Calculation of the required heating power, that is, the total heat transfer (Q tr - W) of all elements of the heating system is determined using the following formula:

Q tr = µk tr *µ*d n *l*(t g - t c)

In it, k tr is an indicator of the heat transfer coefficient of a certain section of pipeline located indoors, d n - O.D. pipes, l – length of the segment. Indicators tg and tv show the temperature of the coolant and air in the room.

Formula Q tr = q in *l in + q g *l g used to determine the level of heat transfer of the heat pipe present in the room. To determine indicators, you should refer to special reference literature. In it you can find a definition of the thermal power of a heating system - a definition of heat transfer vertically (q in) and horizontally (q g) of a heat pipe laid in the room. The data found shows the heat transfer of 1 m of pipe.

Before calculating Gcal for heating, for many years, calculations made using the formula A p = Q np /q np and measurements of heat-transferring surfaces of the heating system were carried out using a conventional unit - equivalent square meters. At the same time, the ECM was conditional equal to the surface heating device with a heat output of 435 kcal/h (506 W). The calculation of Gcal for heating assumes that the temperature difference between the coolant and air (t g - t in) in the room was 64.5 ° C, and the relative water flow in the system was equal to Grel = l.0.

Calculation of thermal loads for heating implies that smooth-tube and panel heating devices, which had greater heat transfer than standard radiators from the times of the USSR, had an ecm area that differed significantly from their physical area. Accordingly, the ecm area of less efficient heating devices was significantly lower than their physical area.

However, such dual measurement of the area of heating devices was simplified in 1984, and the ECM was abolished. Thus, from that moment on, the area of the heating device was measured only in m 2.

After the area of the heating device required for the room has been calculated and the thermal power of the heating system has been calculated, you can begin to select the required radiator from the catalog of heating elements.

It turns out that most often the area of the purchased element is slightly larger than that which was obtained by calculation. This is quite easy to explain - after all, such a correction is taken into account in advance by introducing a multiplying factor µ 1 into the formulas.

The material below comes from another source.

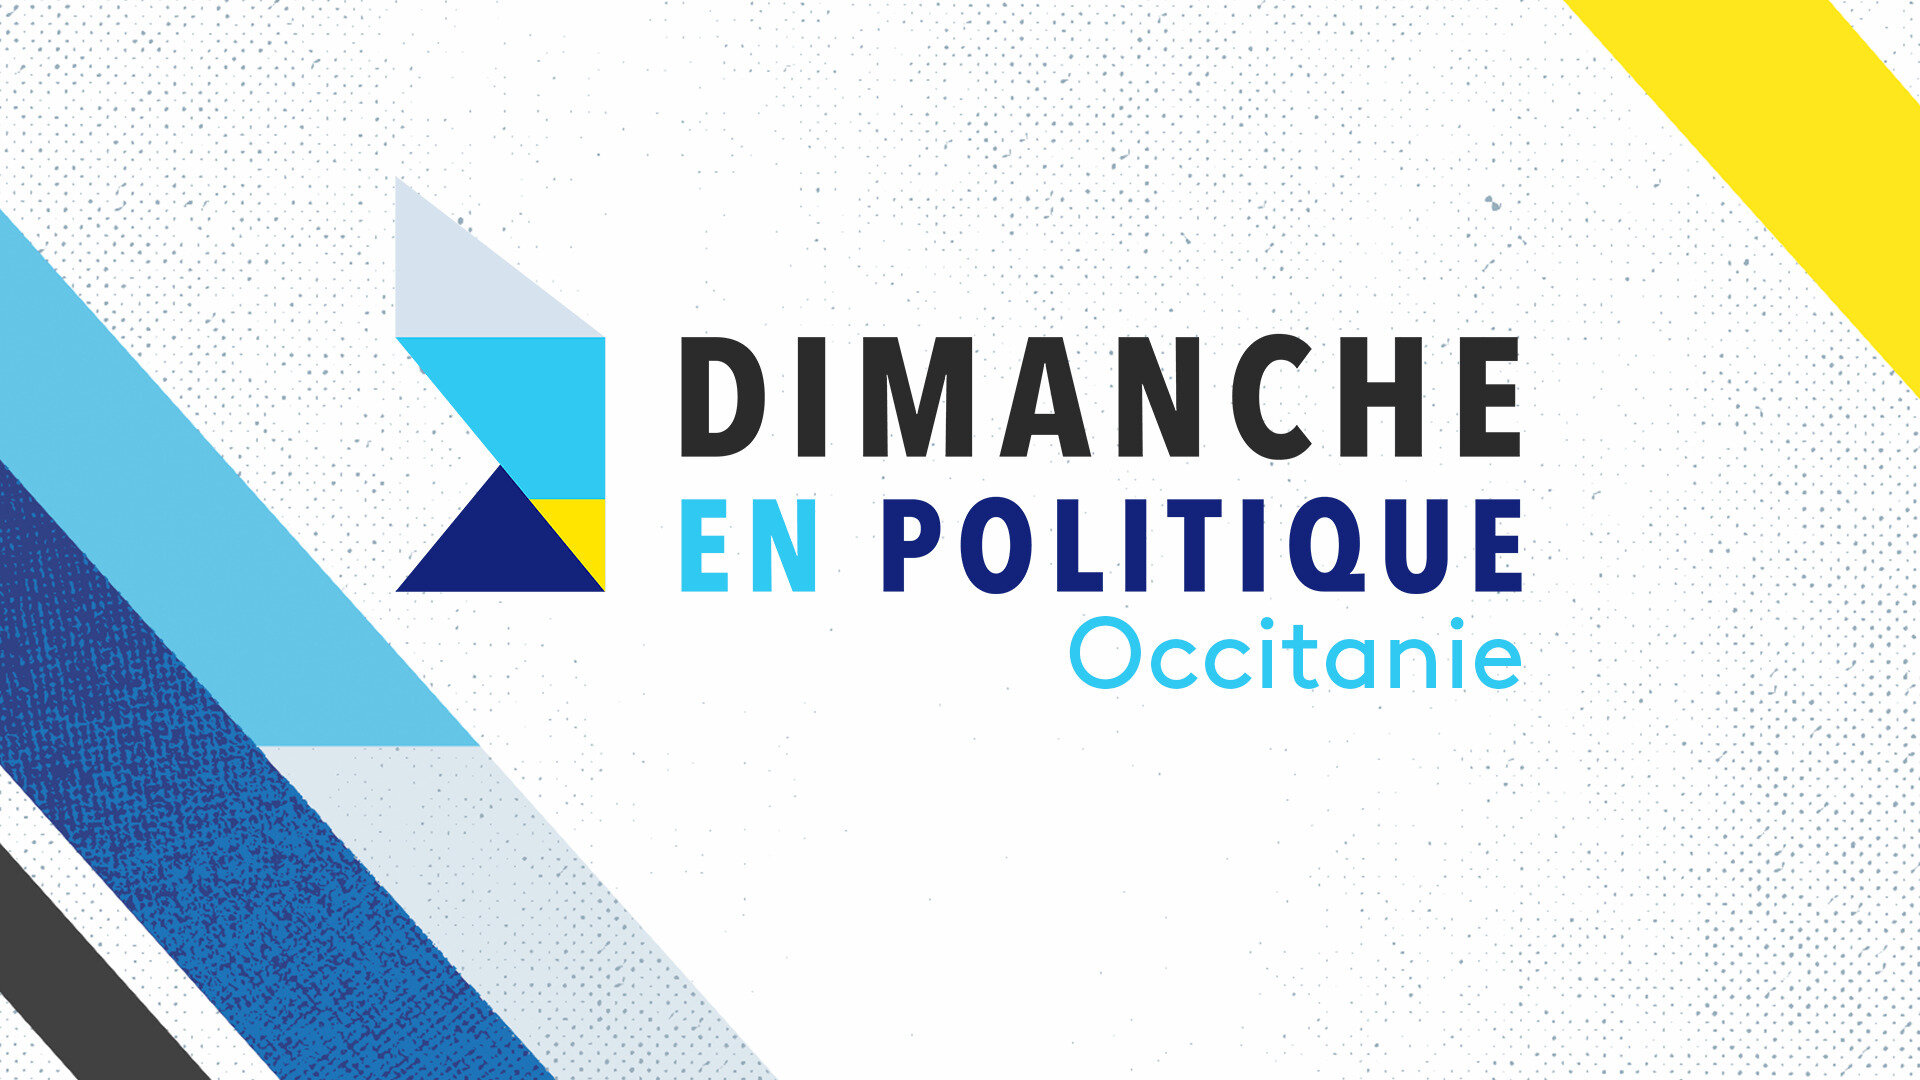 Dimanche en politique - Occitanie : Présidentielle 2022 : qui parraine qui en Occitanie ?

Today, sectional radiators are very common. Their length directly depends on the number of sections used. In order to calculate the amount of heat for heating - that is, to calculate the optimal number of sections for a certain room, the formula is used:

N = (A p /a 1)(µ 4 / µ 3)

In it, a 1 is the area of one section of the radiator selected for installation indoors. Measured in m2. µ 4 – correction factor that is applied to the method of installing the heating radiator. µ 3 – correction factor, which indicates the actual number of sections in the radiator (µ 3 - 1.0, provided that A p = 2.0 m 2). For standard radiators of the M-140 type, this parameter is determined by the formula:

µ 3 =0.97+0.06/A p

During thermal tests, standard radiators are used, consisting on average of 7-8 sections. That is, the calculation of heat consumption for heating determined by us - that is, the heat transfer coefficient - is real only for radiators of this particular size.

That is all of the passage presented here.